▶ _Exercise requirements_: Below are some records. Print exactly the lines between the one holding "French, 20th Century" and the one holding "Of campana form, this", inclusive, and nothing else.

▶ _Recorded information_:

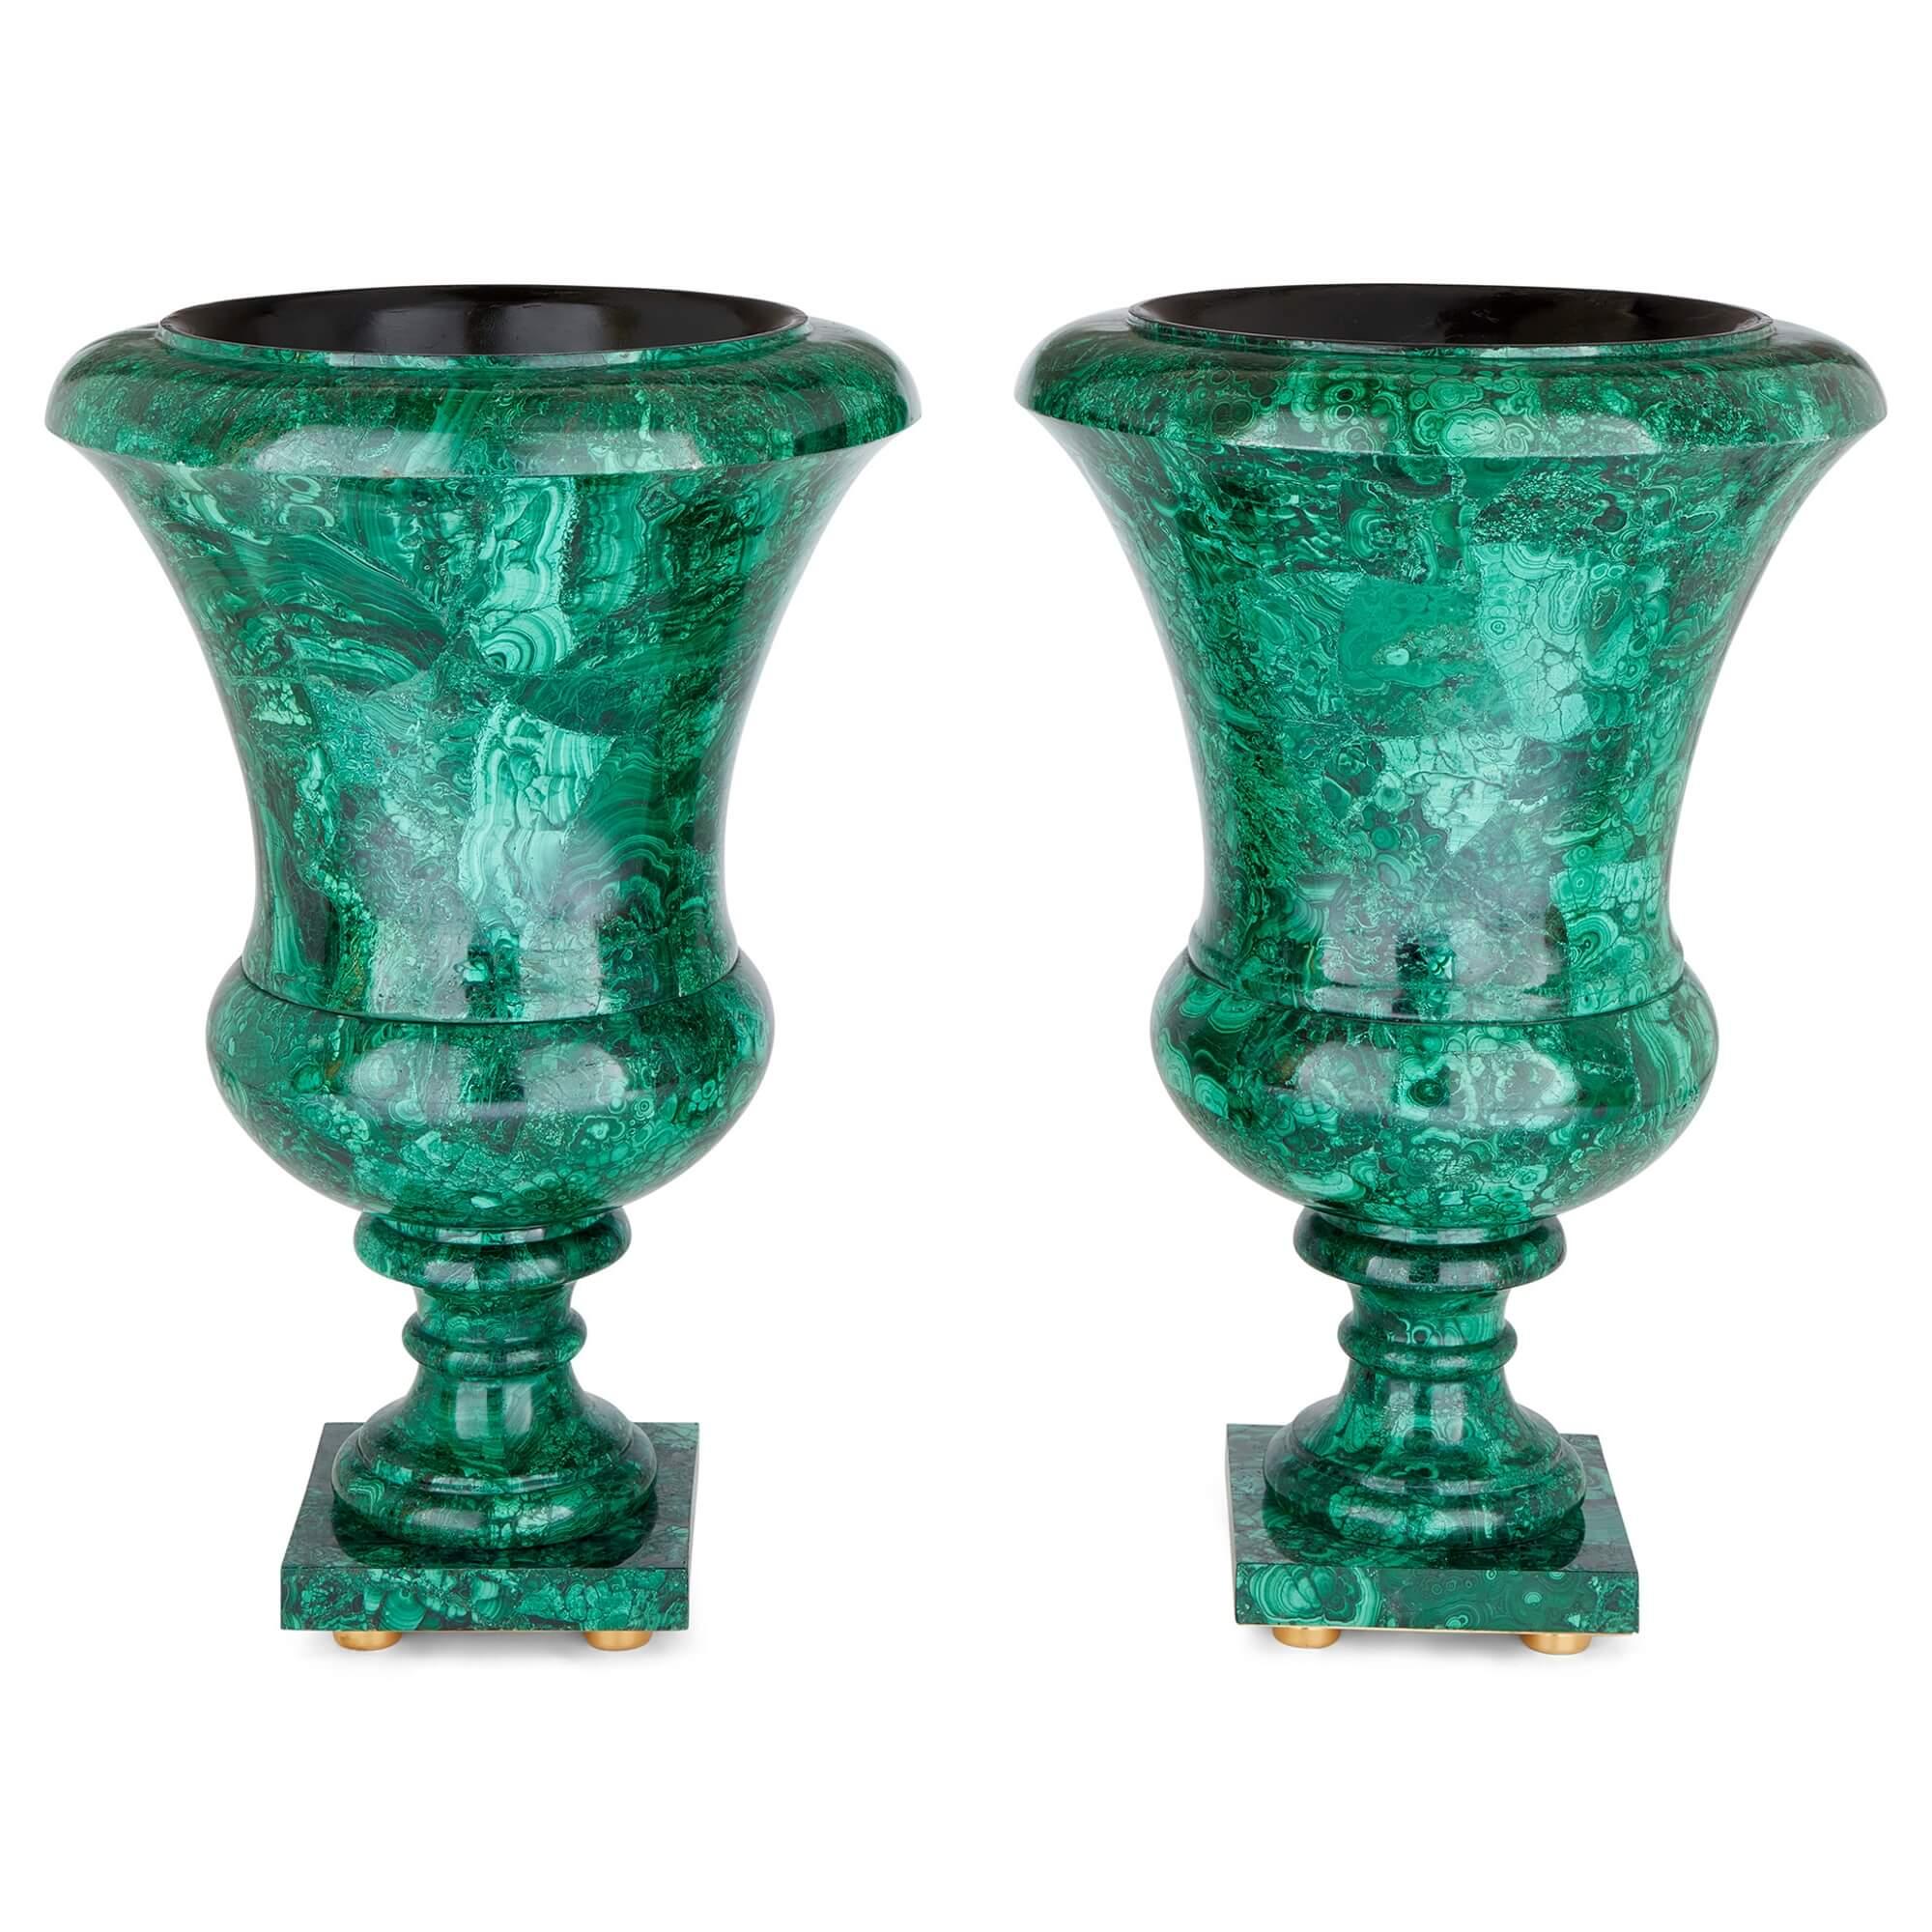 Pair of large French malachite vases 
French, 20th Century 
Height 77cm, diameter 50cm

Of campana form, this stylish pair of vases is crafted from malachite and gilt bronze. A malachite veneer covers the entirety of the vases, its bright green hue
* * *
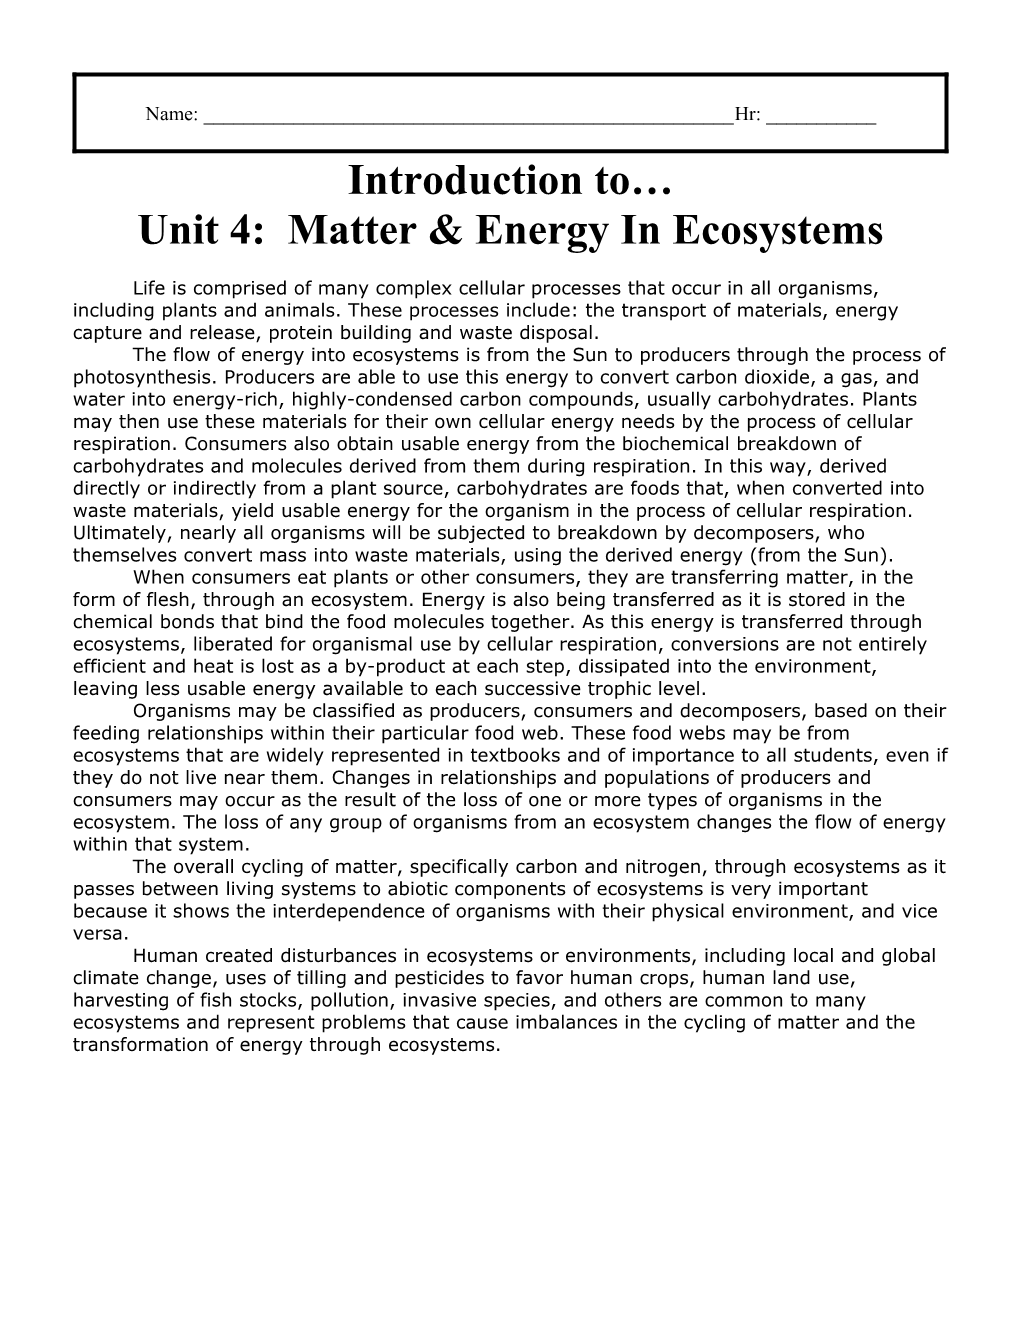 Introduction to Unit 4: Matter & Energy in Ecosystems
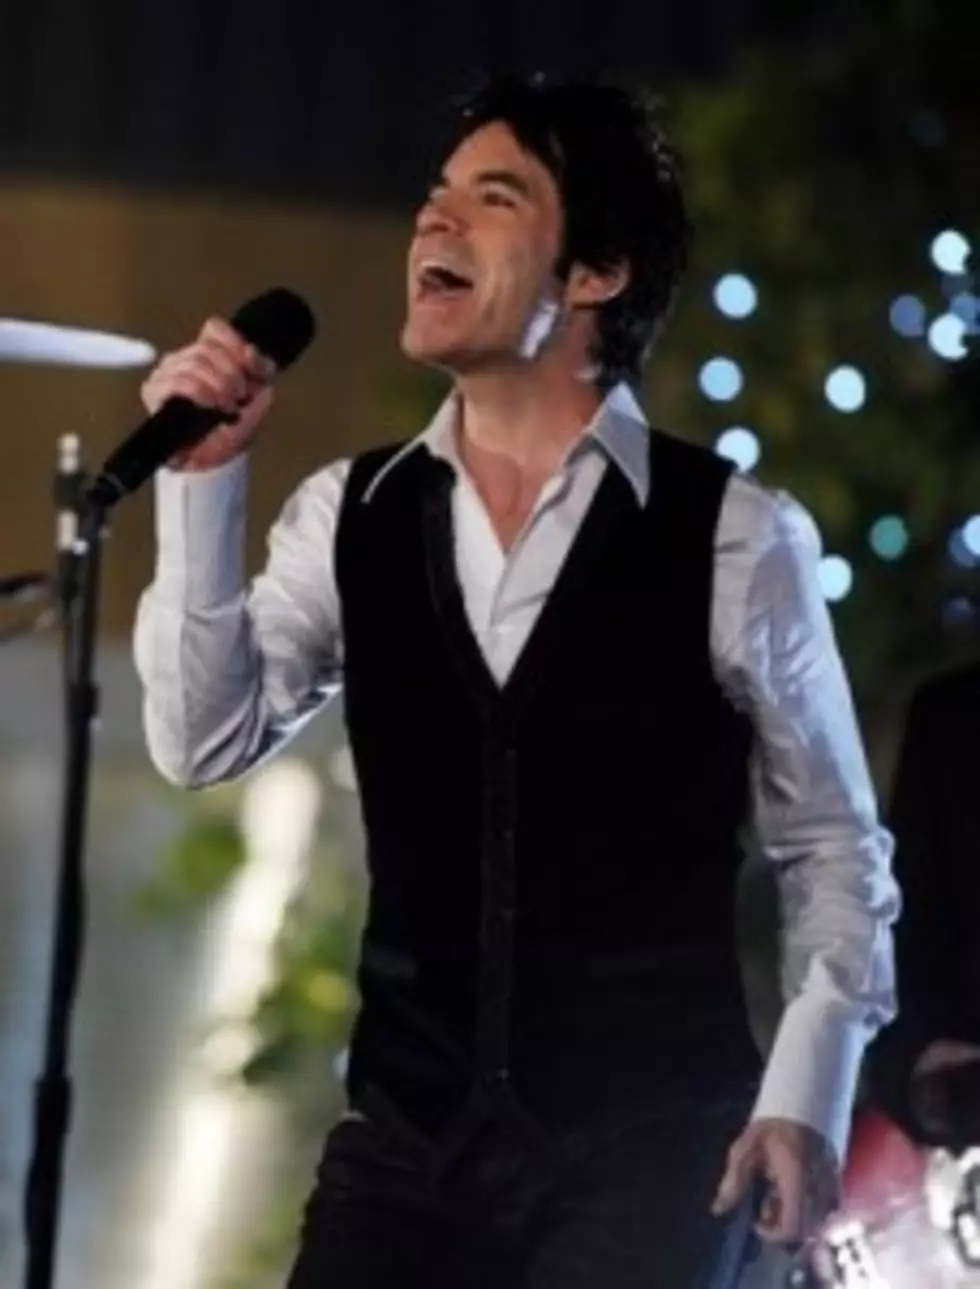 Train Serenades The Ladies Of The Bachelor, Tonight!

▶ _Solution to the problem_:
French, 20th Century 
Height 77cm, diameter 50cm

Of campana form, this stylish pair of vases is crafted from malachite and gilt bronze. A malachite veneer covers the entirety of the vases, its bright green hue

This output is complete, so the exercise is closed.